The number of Muslim-interfaith couples in European countries has become significant due to transnational migration and a growing number of Muslims living in Muslim Minority countries. While the challenges for partners in such unions are complex, this article focuses on the lived experiences of Muslim women in interfaith intimate relationships in Germa ny. Drawing on field interviews with women in mixed-faith relationships, the following questions are central: How do Muslim women conceptualize religious identity and practices? Do they face challenges from different groups (Muslim communities, their families, friends, etc.) and if so, how do these challenges manifest? If respondents create concepts of being Muslim for themselves, how do these evolve in their narratives? How do they question, adapt or discard theological and social demands? Preliminary results illustrate that some respondents would appreciate a Muslim community that accepts their positionality as intermarried Muslim women. Looking at the narration of religious practices and concepts of Muslimness in the interviews, it becomes clear that a classification as haram, or legally forbidden, puts a simple categorical bar in front of a socially and theologically complex context.

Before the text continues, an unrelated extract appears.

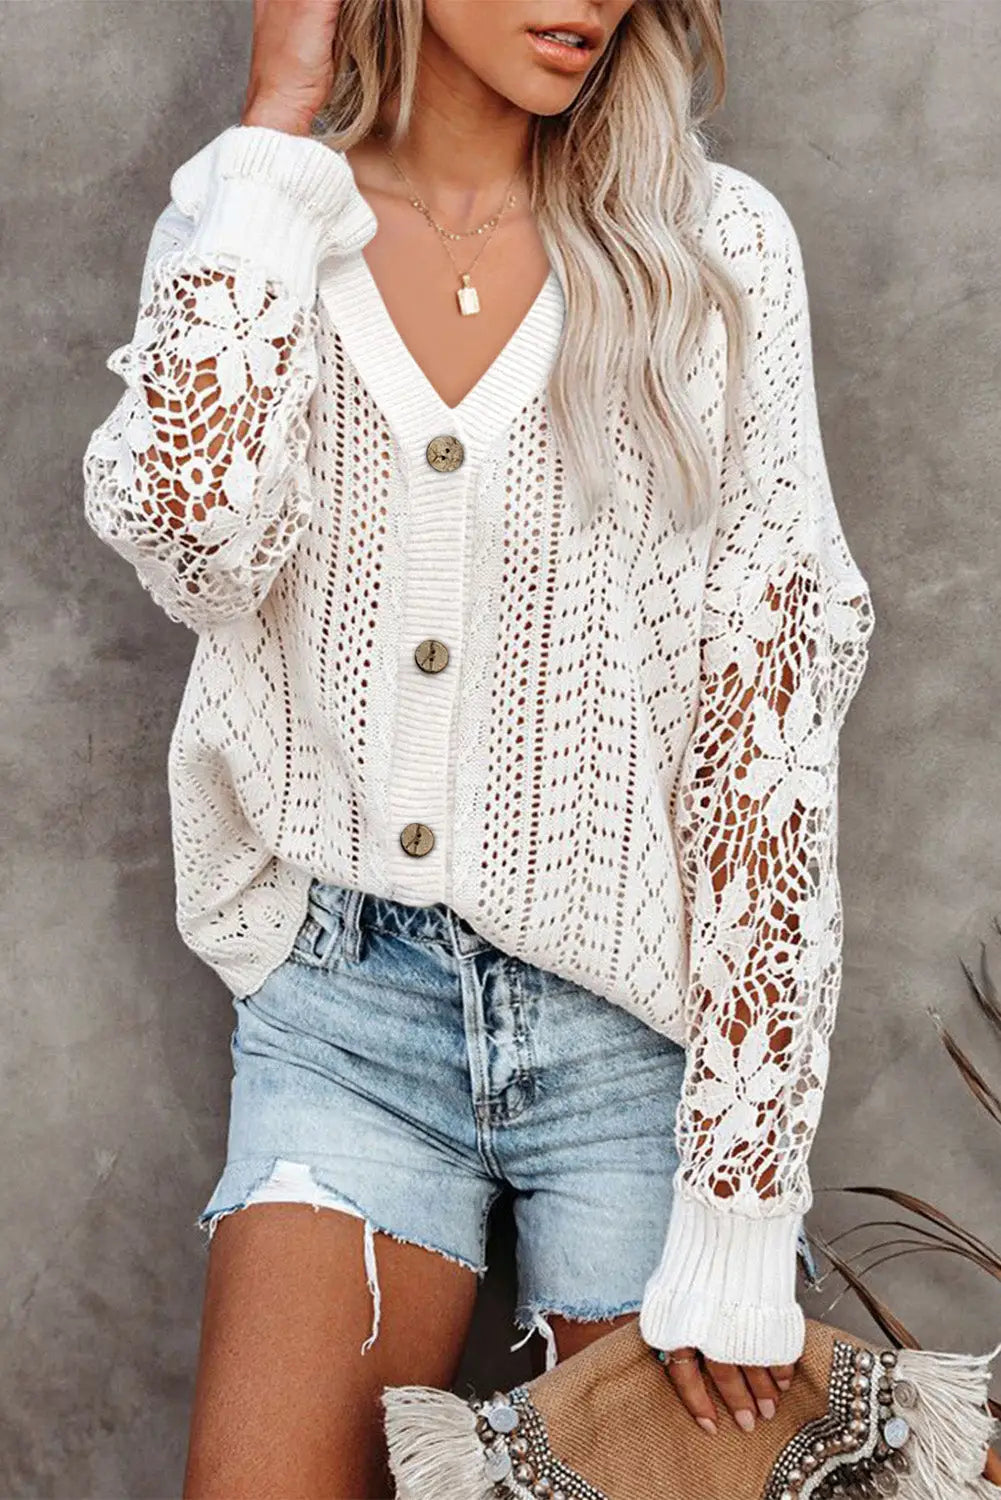 White lace crochet hollow out knit buttoned sweater - s / 55% acrylic + 45% cotton - sweaters & cardigans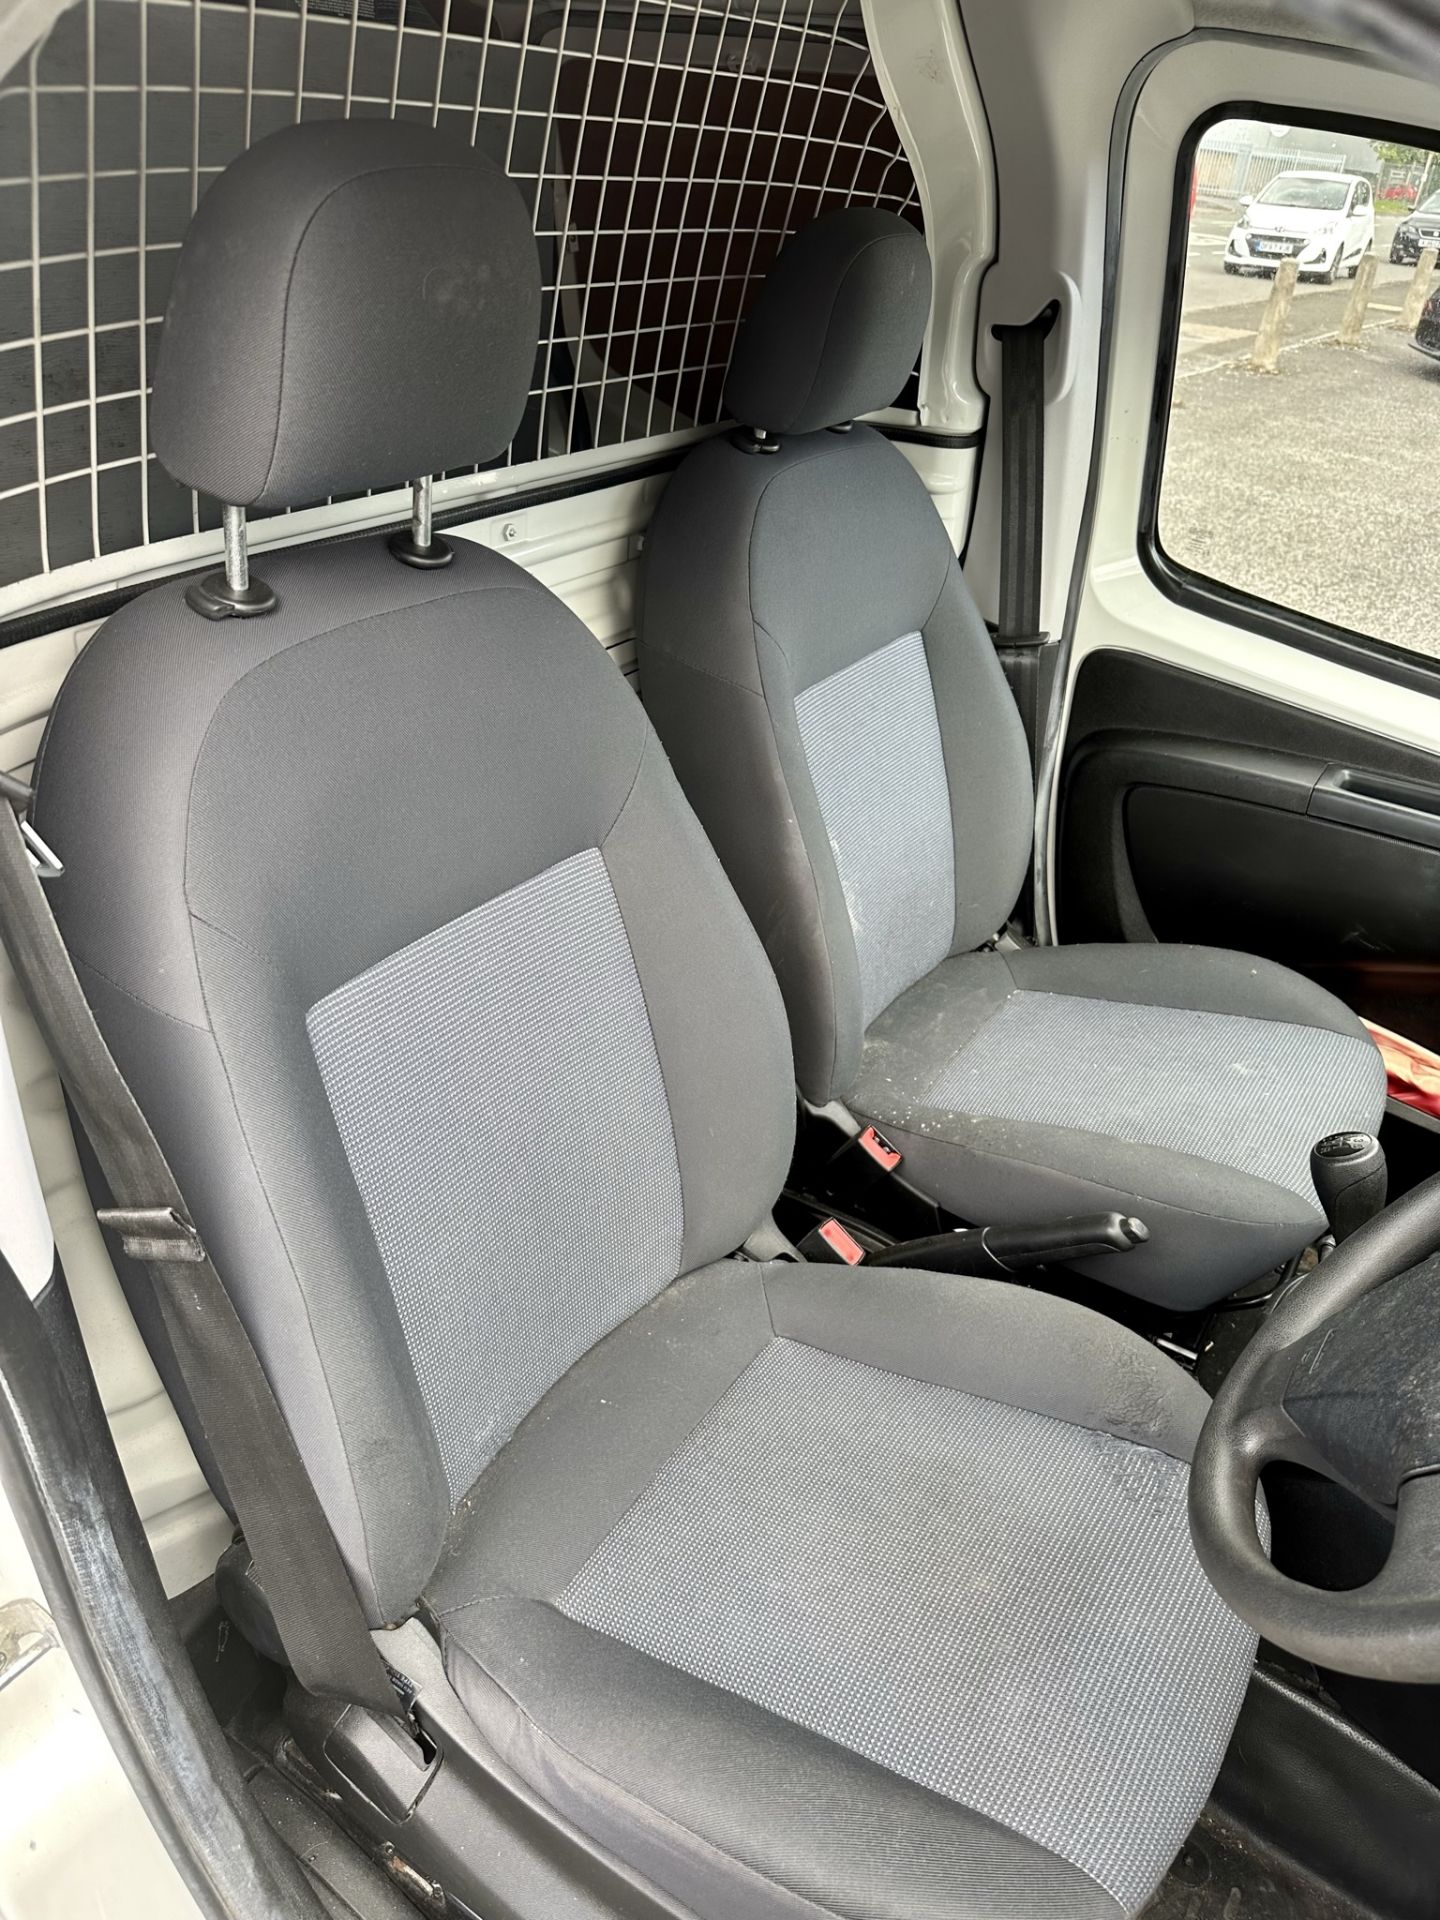 Peugeot Bipper Panel Van | NV65 FOD | Mileage: 53,510 | w/Built-In Cleaning Tank - see description - Image 12 of 18

The inquiry combines interview analysis with situational mapping and is informed by Grounded Theory methodology.

Highlights

  • Germany, alongside other European countries, has a significant Muslim minority population from diverse backgrounds, with complex identity connections and various religious practices

  • Islam prohibits interfaith marriage to Muslim women (“The present study reveals that some Turkish women do not know that a Muslim woman’s marriage to a non-Muslim husband is prohibited in Islam”, (Jawad and Elmali-Karakaya 2020, p. 18))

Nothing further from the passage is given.